The height of a node is the length of the longest downward path to a leaf from that node. The height of the root is the height of the tree. The depth of a node is the length of the path to its root (i.e., its root path). This is commonly needed in the manipulation of the various self-balancing trees, AVL Trees in particular. The root node has depth zero, leaf nodes have height zero, and a tree with only a single node (hence both a root and leaf) has depth and height zero. Conventionally, an empty tree (tree with no nodes, if such are allowed) has height −1.

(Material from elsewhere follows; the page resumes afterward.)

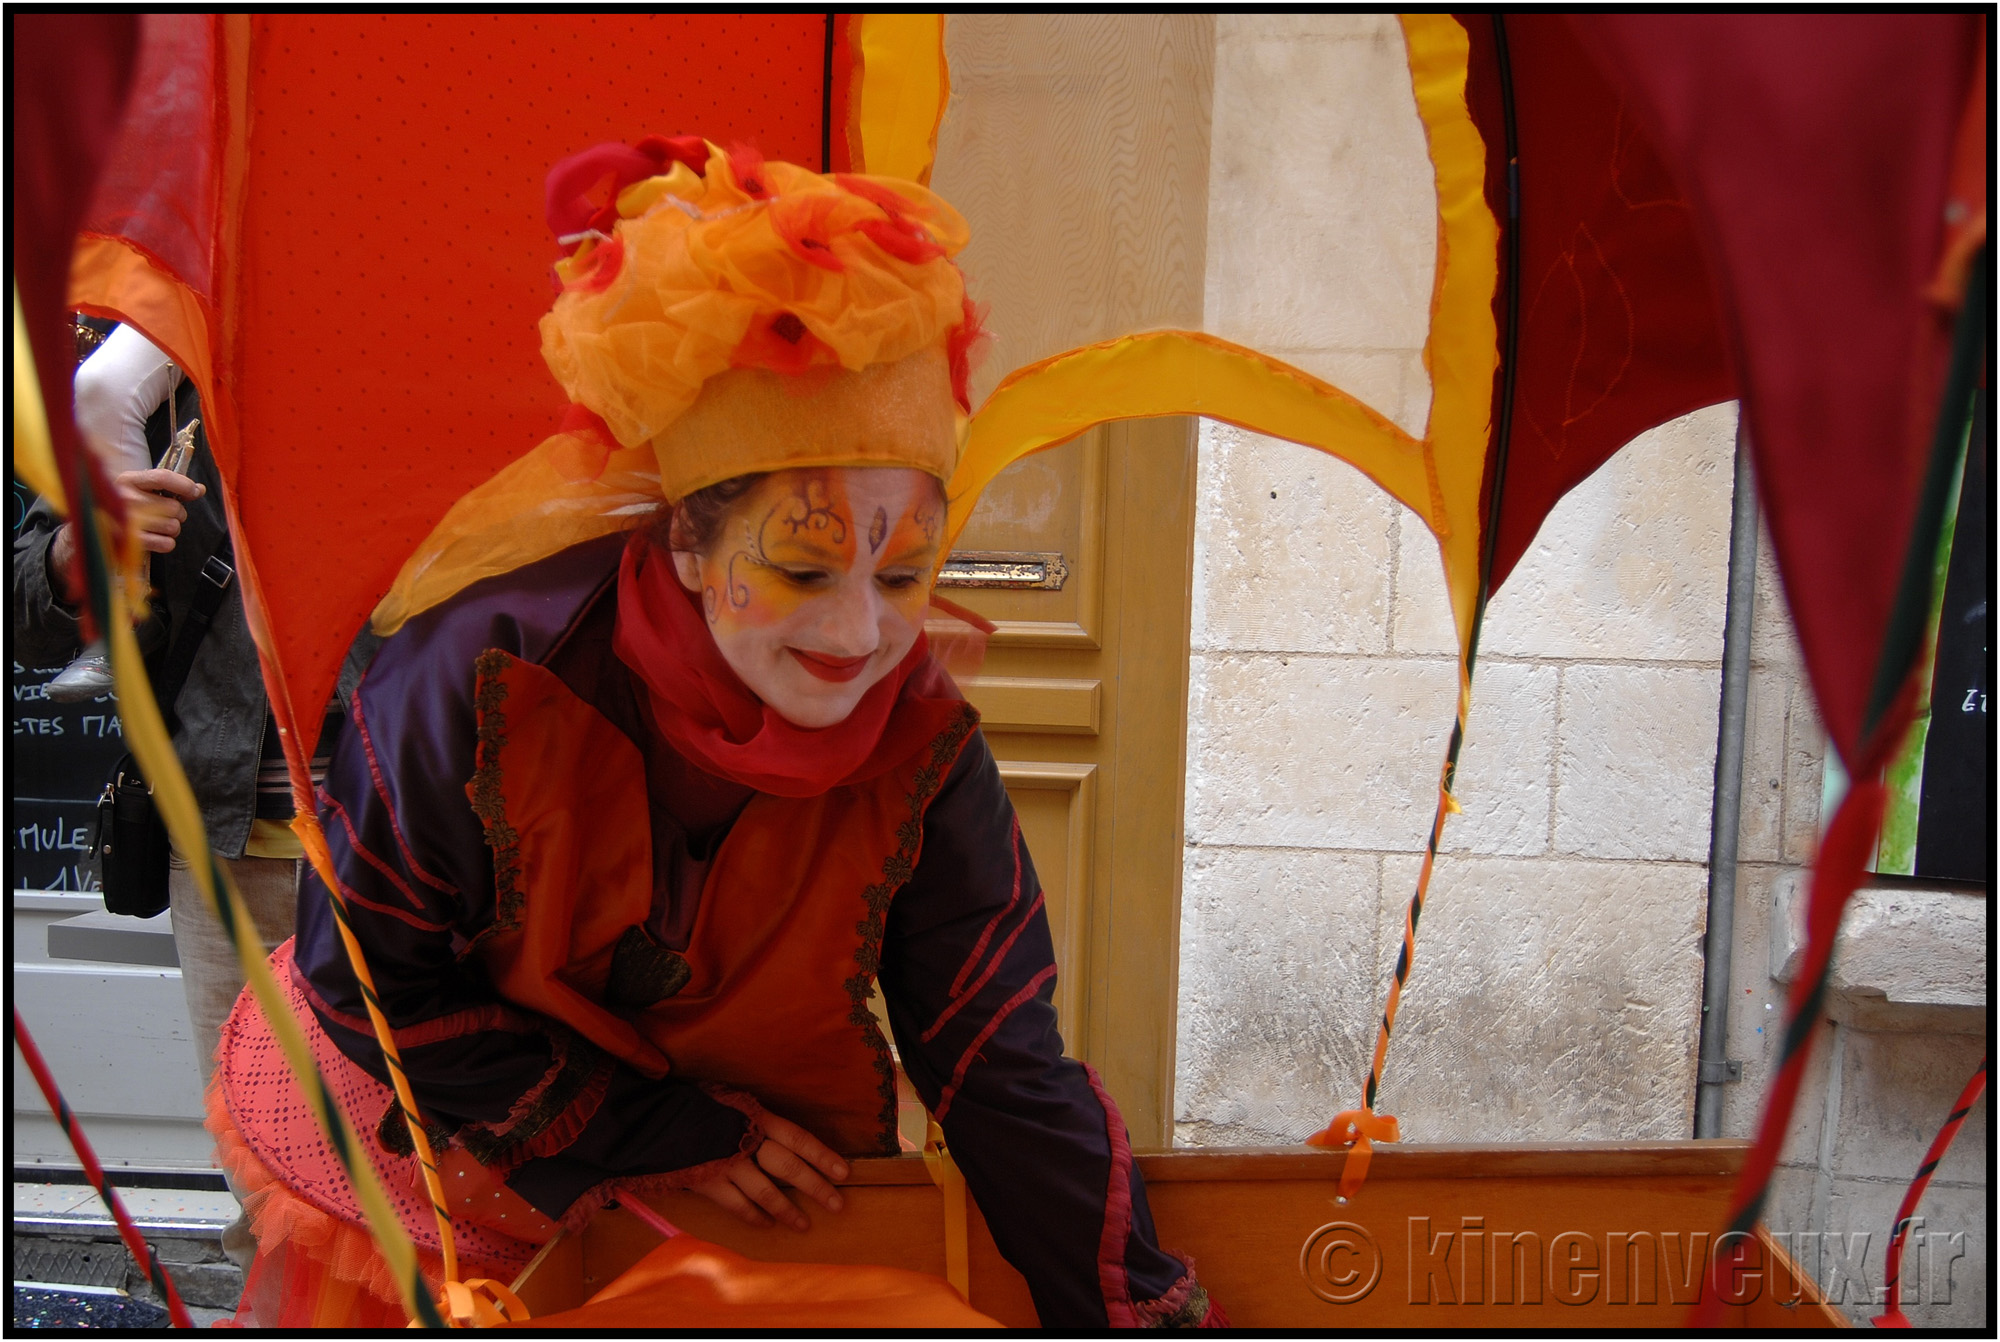 kinenveux_44_carnaval2015lr.jpg - Carnaval des Enfants 2015 - La Rochelle

A subtree of a tree T is a tree consisting of a node in T and all of its descendants in T.[lower-alpha 3][1] Nodes thus correspond to subtrees (each node corresponds to the subtree of itself and all its descendants) – the subtree corresponding to the root node is the entire tree, and each node is the root node of the subtree it determines; the subtree corresponding to any other node is called a proper subtree (by analogy to a proper subset).
Drawing trees
Trees are often drawn in the plane. Ordered trees can be represented essentially uniquely in the plane, and are hence called plane trees, as follows: if one fixes a conventional order (say, counterclockwise), and arranges the child nodes in that order (first incoming parent edge, then first child edge, etc.), this yields an embedding of the tree in the plane, unique up to ambient isotopy. Conversely, such an embedding determines an ordering of the child nodes.
If one places the root at the top (parents above children, as in a family tree) and places all nodes that are a given distance from the root (in terms of number of edges: the "level" of a tree) on a given horizontal line, one obtains a standard drawing of the tree. Given a binary tree, the first child is on the left (the "left node"), and the second child is on the right (the "right node").
Representations
There are many different ways to represent trees; common representations represent the nodes as dynamically allocated records with pointers to their children, their parents, or both, or as items in an array, with relationships between them determined by their positions in the array (e.g., binary heap).
Indeed, a binary tree can be implemented as a list of lists (a list where the values are lists): the head of a list (the value of the first term) is the left child (subtree), while the tail (the list of second and subsequent terms) is the right child (subtree). This can be modified to allow values as well, as in Lisp S-expressions, where the head (value of first term) is the value of the node, the head of the tail (value of second term) is the left child, and the tail of the tail (list of third and subsequent terms) is the right child.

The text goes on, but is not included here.